The children of the farmer from whom Ike steals feed have grown up and gone off to pursue different careers: "professional nurse, ward heeler, city barber, prostitute" (211).

Unnamed Wife of Farmer

This woman tries to discourage her husband from pursuing Ike.

Unnamed Farmer(1)

This man owns the farm where Ike Snopes finds food for his cow. He is a "man past middleage" with a "grim and puritanical affinity for abstinence and endurance" (211); angry at the loss of his feed and a feed basket, he angrily pursues Ike through the woods.

Unnamed Wagon Driver(2)

This "driver" who passes Ike Snopes on the side of the road knows Ike well enough to call him by "his name," but is not otherwise described (197).

Unnamed Traveling Tradesmen

Throughout The Hamlet there is a steady flow of tradesmen, drummers, farmers, and other wayfarers who stay at Mrs. Littlejohn's. This entry represents the majority of them, who are not individualized in any way.

Unnamed Negro Field Hand

Ratliff's revulsion at the idea of Eula Varner being married to Flem Snopes leads him to imagine what Flem's idea of sex is; the result is a disturbing image that probably tells us more about Ratliff than about Flem or anyone else: sex as a kind of business transaction with a "black brute from the field with the field sweat still drying on her" (181) who wants "a nickel's worth of lard" from the store (180).

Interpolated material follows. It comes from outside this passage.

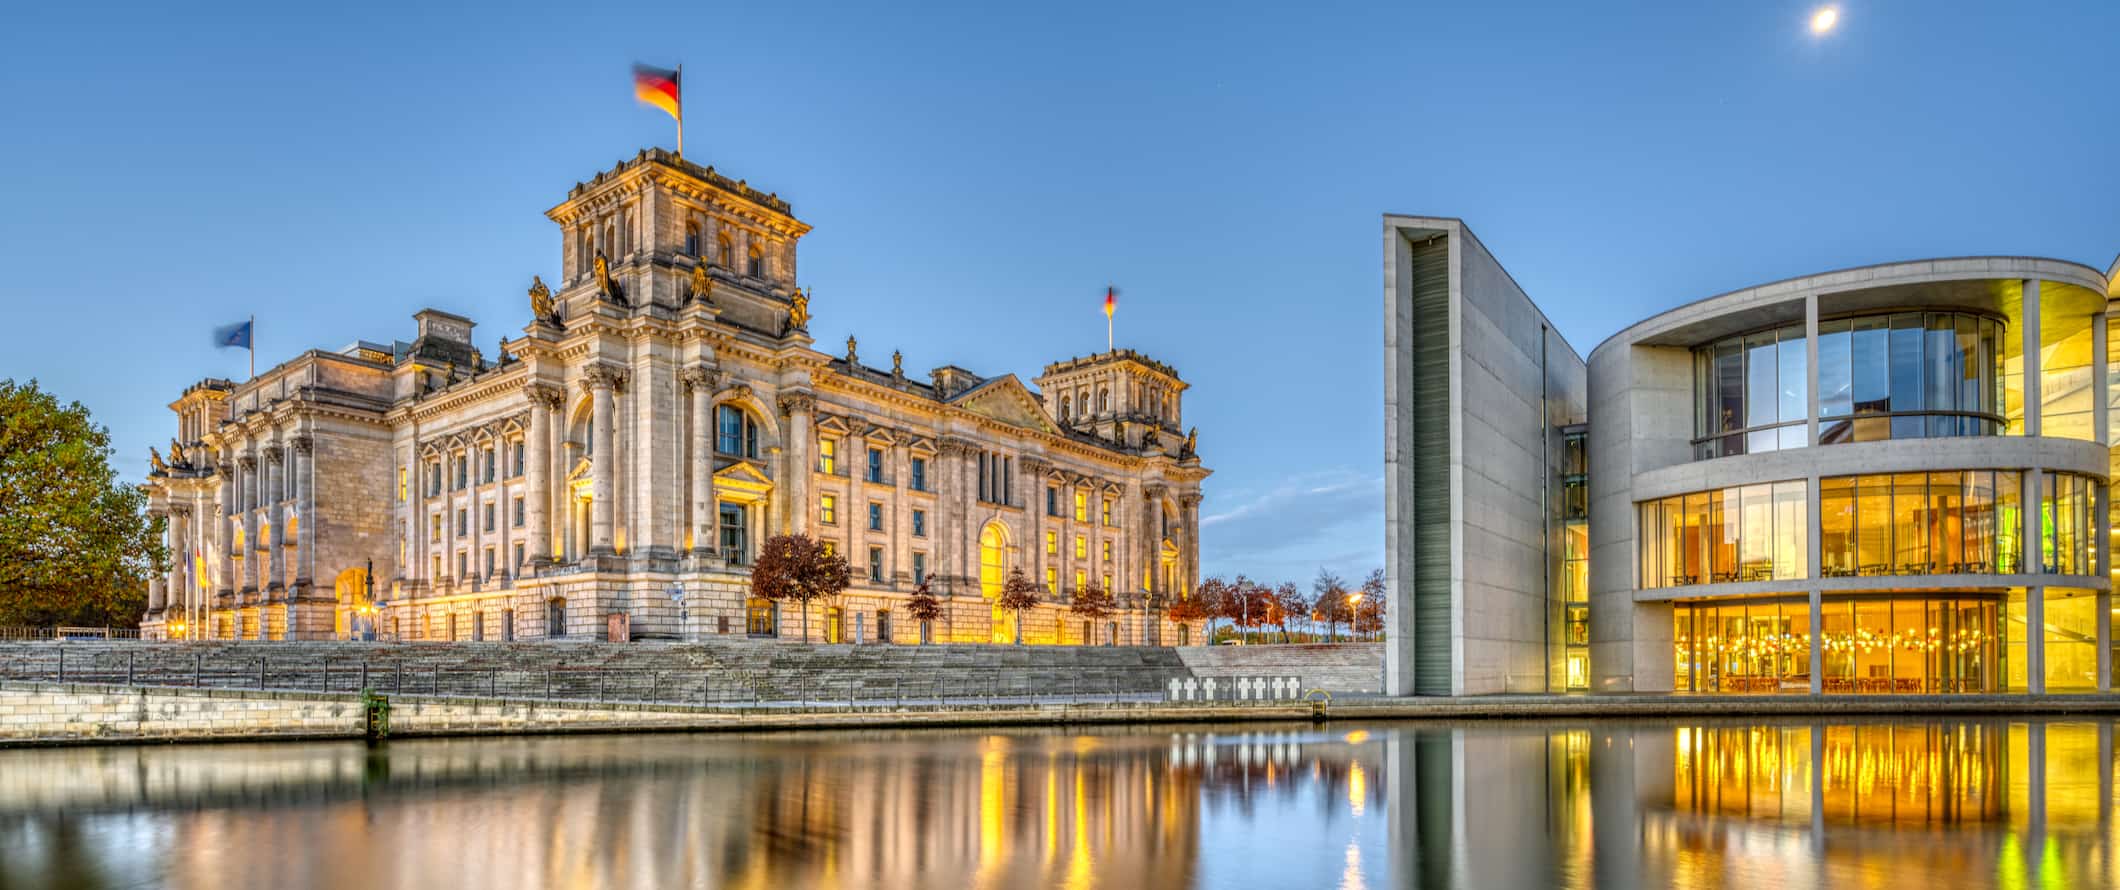 Reichstag din Berlin, Germania, vazut din apa din apropiere

Prince of Darkness, Father of

The "pa" of the Prince of Darkness, and presumably the original Satan - though Faulkner's cosmology is by no means clear (168).

Prince of Darkness

This "Prince" is apparently the son of the original Satan, "the Prince's pa" (168). He is out-connived by Flem Snopes, who ends up in possession of Hell.

Unnamed Negro Family

The fancy buggy that was once used to court Eula Varner ends up as the property of "a negro farm-hand" who eventually marries and "gets a family" (165).

Unnamed Negro Farmhand(1)

This farmhand buys the buggy that was used by one of Eula's suitors and drives it through the village "a few times each year" (165).